Researchers from various institutions are increasingly bringing troves of DNA sequences into huge gene banks in hopes of tackling diseases.
The international GIANT consortium is already reaping the benefits of big data sets with papers on new variants linked to BMI and a companion paper in today’s Nature on waist-to-hip circumference ratio.
Belly fat key to health risk
In a companion study, an analysis of 224,459 individuals helped identify 49 sites in the genome associated with waist-to-hip ratio — a measure of body fat distribution. People with waistlines larger than hip circumferences have more belly fat surrounding their abdominal organs.

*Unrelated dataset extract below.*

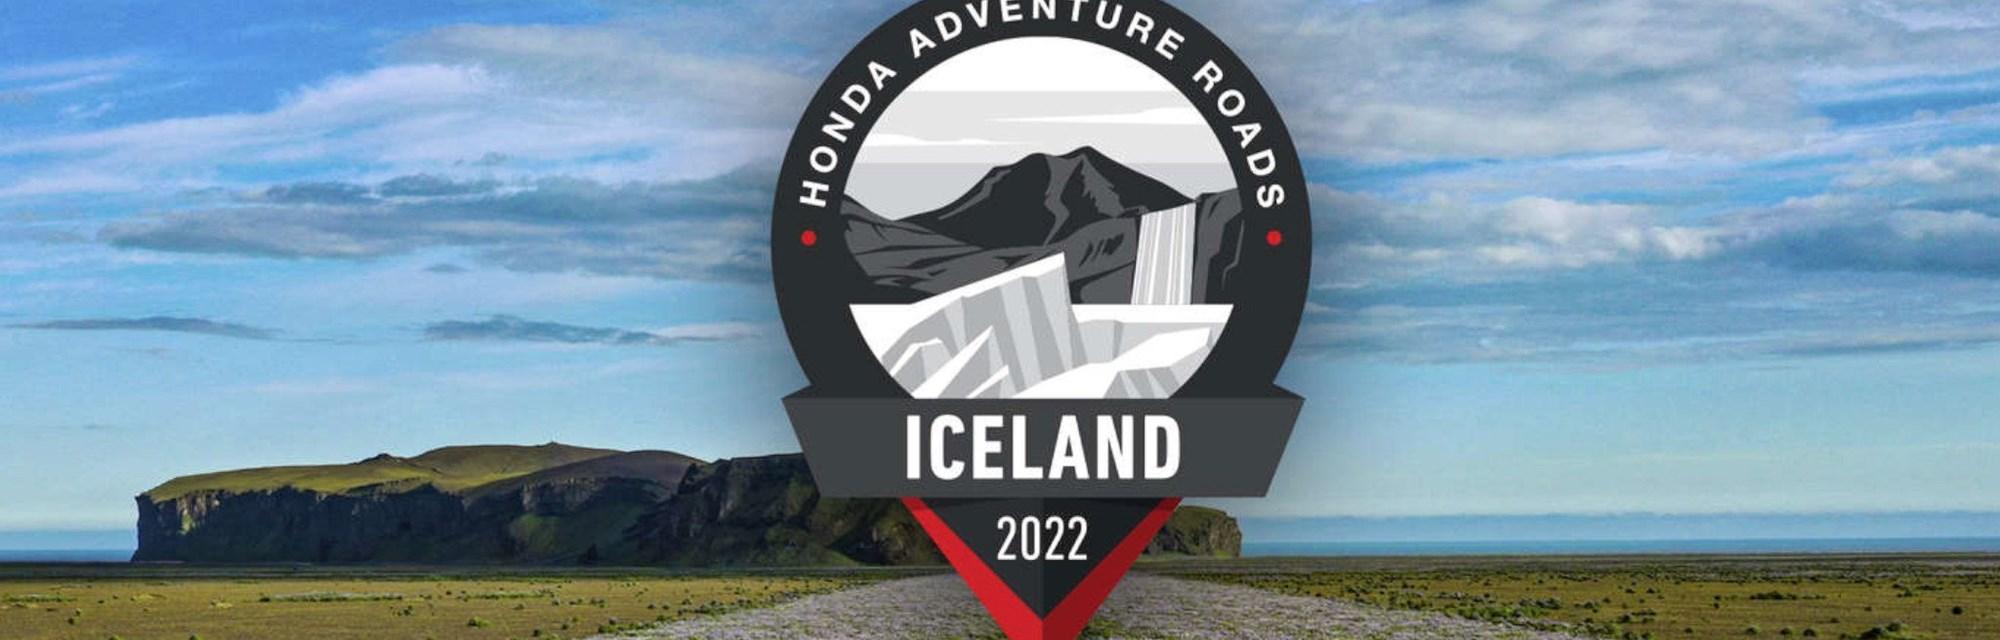 Adventure Roads 2021

Accumulation of fat, especially around the stomach, increases the risk of cardiovascular and metabolic diseases.
Some sites display stronger effects in women than men, demonstrating that genetic regulation of body fat distribution varies between the sexes.
“We need to know these genetic locations because different fat depots pose different health risks,” says Karen Mohlke, Ph.D., professor of genetics at the University of North Carolina School of Medicine and a senior author on the paper that examined waist-to-hip ratio of fat distribution.
“If we can figure out which genes influence where fat is deposited, it could help us understand the biology that leads to various health conditions, such as insulin resistance/diabetes, metabolic syndrome, and heart disease.”
Financial support for the international collaboration was provided in part by the National Institutes of Health and Wellcome Trust UK.